-- TASK ITEM --
Set every entry down again exactly, omitting none.

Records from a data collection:
--- START ---

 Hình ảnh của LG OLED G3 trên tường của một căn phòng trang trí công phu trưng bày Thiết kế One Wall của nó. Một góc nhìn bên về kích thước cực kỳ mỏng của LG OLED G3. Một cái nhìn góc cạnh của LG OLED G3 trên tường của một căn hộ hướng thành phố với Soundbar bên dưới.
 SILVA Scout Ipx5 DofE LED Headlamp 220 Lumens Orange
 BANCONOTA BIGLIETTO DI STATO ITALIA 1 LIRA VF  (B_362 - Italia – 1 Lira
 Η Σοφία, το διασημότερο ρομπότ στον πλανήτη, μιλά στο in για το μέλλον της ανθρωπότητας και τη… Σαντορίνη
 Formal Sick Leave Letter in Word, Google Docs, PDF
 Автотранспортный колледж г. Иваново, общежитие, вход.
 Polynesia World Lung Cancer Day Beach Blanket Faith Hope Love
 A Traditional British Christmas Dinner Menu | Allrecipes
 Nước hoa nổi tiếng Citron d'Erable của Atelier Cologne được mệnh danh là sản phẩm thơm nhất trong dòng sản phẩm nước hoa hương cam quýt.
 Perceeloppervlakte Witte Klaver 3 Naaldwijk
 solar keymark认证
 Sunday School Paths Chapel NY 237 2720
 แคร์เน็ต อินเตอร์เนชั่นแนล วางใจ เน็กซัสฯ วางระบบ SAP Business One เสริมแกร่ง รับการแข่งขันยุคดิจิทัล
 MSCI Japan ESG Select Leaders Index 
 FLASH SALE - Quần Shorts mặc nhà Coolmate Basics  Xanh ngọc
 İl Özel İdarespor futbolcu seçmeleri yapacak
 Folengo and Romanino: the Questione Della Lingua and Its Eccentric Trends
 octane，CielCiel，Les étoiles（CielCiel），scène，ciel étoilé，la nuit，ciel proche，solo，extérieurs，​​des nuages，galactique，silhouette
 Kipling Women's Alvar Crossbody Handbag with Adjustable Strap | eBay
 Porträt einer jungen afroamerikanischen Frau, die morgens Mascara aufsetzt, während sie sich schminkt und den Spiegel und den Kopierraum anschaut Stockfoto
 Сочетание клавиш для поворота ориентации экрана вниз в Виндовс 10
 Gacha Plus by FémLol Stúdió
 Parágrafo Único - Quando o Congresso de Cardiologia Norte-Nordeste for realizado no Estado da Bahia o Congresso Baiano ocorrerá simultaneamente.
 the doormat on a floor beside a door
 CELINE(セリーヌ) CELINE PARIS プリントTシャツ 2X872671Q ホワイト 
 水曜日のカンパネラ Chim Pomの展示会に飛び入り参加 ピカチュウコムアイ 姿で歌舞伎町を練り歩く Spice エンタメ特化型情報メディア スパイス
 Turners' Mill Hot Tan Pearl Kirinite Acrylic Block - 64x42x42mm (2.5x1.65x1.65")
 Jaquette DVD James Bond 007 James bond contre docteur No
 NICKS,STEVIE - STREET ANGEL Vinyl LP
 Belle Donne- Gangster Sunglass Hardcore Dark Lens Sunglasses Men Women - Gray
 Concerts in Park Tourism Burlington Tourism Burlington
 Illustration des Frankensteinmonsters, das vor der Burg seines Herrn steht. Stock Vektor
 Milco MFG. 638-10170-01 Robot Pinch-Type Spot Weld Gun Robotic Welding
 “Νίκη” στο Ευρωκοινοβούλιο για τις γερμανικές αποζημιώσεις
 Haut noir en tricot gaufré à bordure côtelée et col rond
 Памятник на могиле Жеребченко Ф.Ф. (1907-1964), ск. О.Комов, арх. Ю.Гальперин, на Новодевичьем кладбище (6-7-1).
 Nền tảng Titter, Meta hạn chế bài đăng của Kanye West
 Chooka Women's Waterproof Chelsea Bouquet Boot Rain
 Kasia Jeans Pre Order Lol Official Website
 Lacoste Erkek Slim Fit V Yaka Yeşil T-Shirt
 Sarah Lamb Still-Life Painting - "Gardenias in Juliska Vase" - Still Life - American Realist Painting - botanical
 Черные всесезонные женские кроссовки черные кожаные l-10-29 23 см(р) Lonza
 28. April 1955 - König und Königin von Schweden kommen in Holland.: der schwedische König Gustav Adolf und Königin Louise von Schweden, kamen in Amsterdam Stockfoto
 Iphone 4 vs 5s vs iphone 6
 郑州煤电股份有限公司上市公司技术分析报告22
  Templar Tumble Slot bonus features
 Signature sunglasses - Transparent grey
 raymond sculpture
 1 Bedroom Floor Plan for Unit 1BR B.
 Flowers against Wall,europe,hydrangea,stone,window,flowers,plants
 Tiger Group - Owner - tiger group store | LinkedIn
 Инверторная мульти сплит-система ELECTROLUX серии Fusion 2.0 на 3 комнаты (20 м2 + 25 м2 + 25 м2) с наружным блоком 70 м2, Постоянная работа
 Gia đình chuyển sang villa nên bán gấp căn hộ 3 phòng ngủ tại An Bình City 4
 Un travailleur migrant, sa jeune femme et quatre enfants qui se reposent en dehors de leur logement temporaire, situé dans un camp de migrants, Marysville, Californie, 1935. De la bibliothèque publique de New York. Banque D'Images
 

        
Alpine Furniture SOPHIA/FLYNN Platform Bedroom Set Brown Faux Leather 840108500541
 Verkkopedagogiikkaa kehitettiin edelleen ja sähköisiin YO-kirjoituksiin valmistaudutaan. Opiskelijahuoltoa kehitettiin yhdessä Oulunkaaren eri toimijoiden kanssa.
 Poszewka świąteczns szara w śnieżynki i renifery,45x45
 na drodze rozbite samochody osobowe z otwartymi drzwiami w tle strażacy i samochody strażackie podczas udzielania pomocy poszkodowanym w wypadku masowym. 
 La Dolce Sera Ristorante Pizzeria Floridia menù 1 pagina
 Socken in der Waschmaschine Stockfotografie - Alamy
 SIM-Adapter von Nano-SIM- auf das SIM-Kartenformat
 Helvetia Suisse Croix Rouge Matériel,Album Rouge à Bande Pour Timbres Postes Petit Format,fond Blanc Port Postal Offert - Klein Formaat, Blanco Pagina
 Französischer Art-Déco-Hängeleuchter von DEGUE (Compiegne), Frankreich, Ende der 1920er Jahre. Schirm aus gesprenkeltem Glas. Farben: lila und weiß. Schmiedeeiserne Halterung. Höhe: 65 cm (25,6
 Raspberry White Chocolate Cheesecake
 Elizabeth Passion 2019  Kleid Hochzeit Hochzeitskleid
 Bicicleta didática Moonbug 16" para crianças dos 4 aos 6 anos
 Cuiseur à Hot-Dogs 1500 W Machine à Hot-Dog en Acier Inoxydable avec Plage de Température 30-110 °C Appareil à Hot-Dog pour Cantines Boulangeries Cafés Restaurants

--- END ---

-- RESPONSE TO THE TASK --
 Hình ảnh của LG OLED G3 trên tường của một căn phòng trang trí công phu trưng bày Thiết kế One Wall của nó. Một góc nhìn bên về kích thước cực kỳ mỏng của LG OLED G3. Một cái nhìn góc cạnh của LG OLED G3 trên tường của một căn hộ hướng thành phố với Soundbar bên dưới.
 SILVA Scout Ipx5 DofE LED Headlamp 220 Lumens Orange
 BANCONOTA BIGLIETTO DI STATO ITALIA 1 LIRA VF  (B_362 - Italia – 1 Lira
 Η Σοφία, το διασημότερο ρομπότ στον πλανήτη, μιλά στο in για το μέλλον της ανθρωπότητας και τη… Σαντορίνη
 Formal Sick Leave Letter in Word, Google Docs, PDF
 Автотранспортный колледж г. Иваново, общежитие, вход.
 Polynesia World Lung Cancer Day Beach Blanket Faith Hope Love
 A Traditional British Christmas Dinner Menu | Allrecipes
 Nước hoa nổi tiếng Citron d'Erable của Atelier Cologne được mệnh danh là sản phẩm thơm nhất trong dòng sản phẩm nước hoa hương cam quýt.
 Perceeloppervlakte Witte Klaver 3 Naaldwijk
 solar keymark认证
 Sunday School Paths Chapel NY 237 2720
 แคร์เน็ต อินเตอร์เนชั่นแนล วางใจ เน็กซัสฯ วางระบบ SAP Business One เสริมแกร่ง รับการแข่งขันยุคดิจิทัล
 MSCI Japan ESG Select Leaders Index 
 FLASH SALE - Quần Shorts mặc nhà Coolmate Basics  Xanh ngọc
 İl Özel İdarespor futbolcu seçmeleri yapacak
 Folengo and Romanino: the Questione Della Lingua and Its Eccentric Trends
 octane，CielCiel，Les étoiles（CielCiel），scène，ciel étoilé，la nuit，ciel proche，solo，extérieurs，​​des nuages，galactique，silhouette
 Kipling Women's Alvar Crossbody Handbag with Adjustable Strap | eBay
 Porträt einer jungen afroamerikanischen Frau, die morgens Mascara aufsetzt, während sie sich schminkt und den Spiegel und den Kopierraum anschaut Stockfoto
 Сочетание клавиш для поворота ориентации экрана вниз в Виндовс 10
 Gacha Plus by FémLol Stúdió
 Parágrafo Único - Quando o Congresso de Cardiologia Norte-Nordeste for realizado no Estado da Bahia o Congresso Baiano ocorrerá simultaneamente.
 the doormat on a floor beside a door
 CELINE(セリーヌ) CELINE PARIS プリントTシャツ 2X872671Q ホワイト 
 水曜日のカンパネラ Chim Pomの展示会に飛び入り参加 ピカチュウコムアイ 姿で歌舞伎町を練り歩く Spice エンタメ特化型情報メディア スパイス
 Turners' Mill Hot Tan Pearl Kirinite Acrylic Block - 64x42x42mm (2.5x1.65x1.65")
 Jaquette DVD James Bond 007 James bond contre docteur No
 NICKS,STEVIE - STREET ANGEL Vinyl LP
 Belle Donne- Gangster Sunglass Hardcore Dark Lens Sunglasses Men Women - Gray
 Concerts in Park Tourism Burlington Tourism Burlington
 Illustration des Frankensteinmonsters, das vor der Burg seines Herrn steht. Stock Vektor
 Milco MFG. 638-10170-01 Robot Pinch-Type Spot Weld Gun Robotic Welding
 “Νίκη” στο Ευρωκοινοβούλιο για τις γερμανικές αποζημιώσεις
 Haut noir en tricot gaufré à bordure côtelée et col rond
 Памятник на могиле Жеребченко Ф.Ф. (1907-1964), ск. О.Комов, арх. Ю.Гальперин, на Новодевичьем кладбище (6-7-1).
 Nền tảng Titter, Meta hạn chế bài đăng của Kanye West
 Chooka Women's Waterproof Chelsea Bouquet Boot Rain
 Kasia Jeans Pre Order Lol Official Website
 Lacoste Erkek Slim Fit V Yaka Yeşil T-Shirt
 Sarah Lamb Still-Life Painting - "Gardenias in Juliska Vase" - Still Life - American Realist Painting - botanical
 Черные всесезонные женские кроссовки черные кожаные l-10-29 23 см(р) Lonza
 28. April 1955 - König und Königin von Schweden kommen in Holland.: der schwedische König Gustav Adolf und Königin Louise von Schweden, kamen in Amsterdam Stockfoto
 Iphone 4 vs 5s vs iphone 6
 郑州煤电股份有限公司上市公司技术分析报告22
  Templar Tumble Slot bonus features
 Signature sunglasses - Transparent grey
 raymond sculpture
 1 Bedroom Floor Plan for Unit 1BR B.
 Flowers against Wall,europe,hydrangea,stone,window,flowers,plants
 Tiger Group - Owner - tiger group store | LinkedIn
 Инверторная мульти сплит-система ELECTROLUX серии Fusion 2.0 на 3 комнаты (20 м2 + 25 м2 + 25 м2) с наружным блоком 70 м2, Постоянная работа
 Gia đình chuyển sang villa nên bán gấp căn hộ 3 phòng ngủ tại An Bình City 4
 Un travailleur migrant, sa jeune femme et quatre enfants qui se reposent en dehors de leur logement temporaire, situé dans un camp de migrants, Marysville, Californie, 1935. De la bibliothèque publique de New York. Banque D'Images
 

        
Alpine Furniture SOPHIA/FLYNN Platform Bedroom Set Brown Faux Leather 840108500541
 Verkkopedagogiikkaa kehitettiin edelleen ja sähköisiin YO-kirjoituksiin valmistaudutaan. Opiskelijahuoltoa kehitettiin yhdessä Oulunkaaren eri toimijoiden kanssa.
 Poszewka świąteczns szara w śnieżynki i renifery,45x45
 na drodze rozbite samochody osobowe z otwartymi drzwiami w tle strażacy i samochody strażackie podczas udzielania pomocy poszkodowanym w wypadku masowym. 
 La Dolce Sera Ristorante Pizzeria Floridia menù 1 pagina
 Socken in der Waschmaschine Stockfotografie - Alamy
 SIM-Adapter von Nano-SIM- auf das SIM-Kartenformat
 Helvetia Suisse Croix Rouge Matériel,Album Rouge à Bande Pour Timbres Postes Petit Format,fond Blanc Port Postal Offert - Klein Formaat, Blanco Pagina
 Französischer Art-Déco-Hängeleuchter von DEGUE (Compiegne), Frankreich, Ende der 1920er Jahre. Schirm aus gesprenkeltem Glas. Farben: lila und weiß. Schmiedeeiserne Halterung. Höhe: 65 cm (25,6
 Raspberry White Chocolate Cheesecake
 Elizabeth Passion 2019  Kleid Hochzeit Hochzeitskleid
 Bicicleta didática Moonbug 16" para crianças dos 4 aos 6 anos
 Cuiseur à Hot-Dogs 1500 W Machine à Hot-Dog en Acier Inoxydable avec Plage de Température 30-110 °C Appareil à Hot-Dog pour Cantines Boulangeries Cafés Restaurants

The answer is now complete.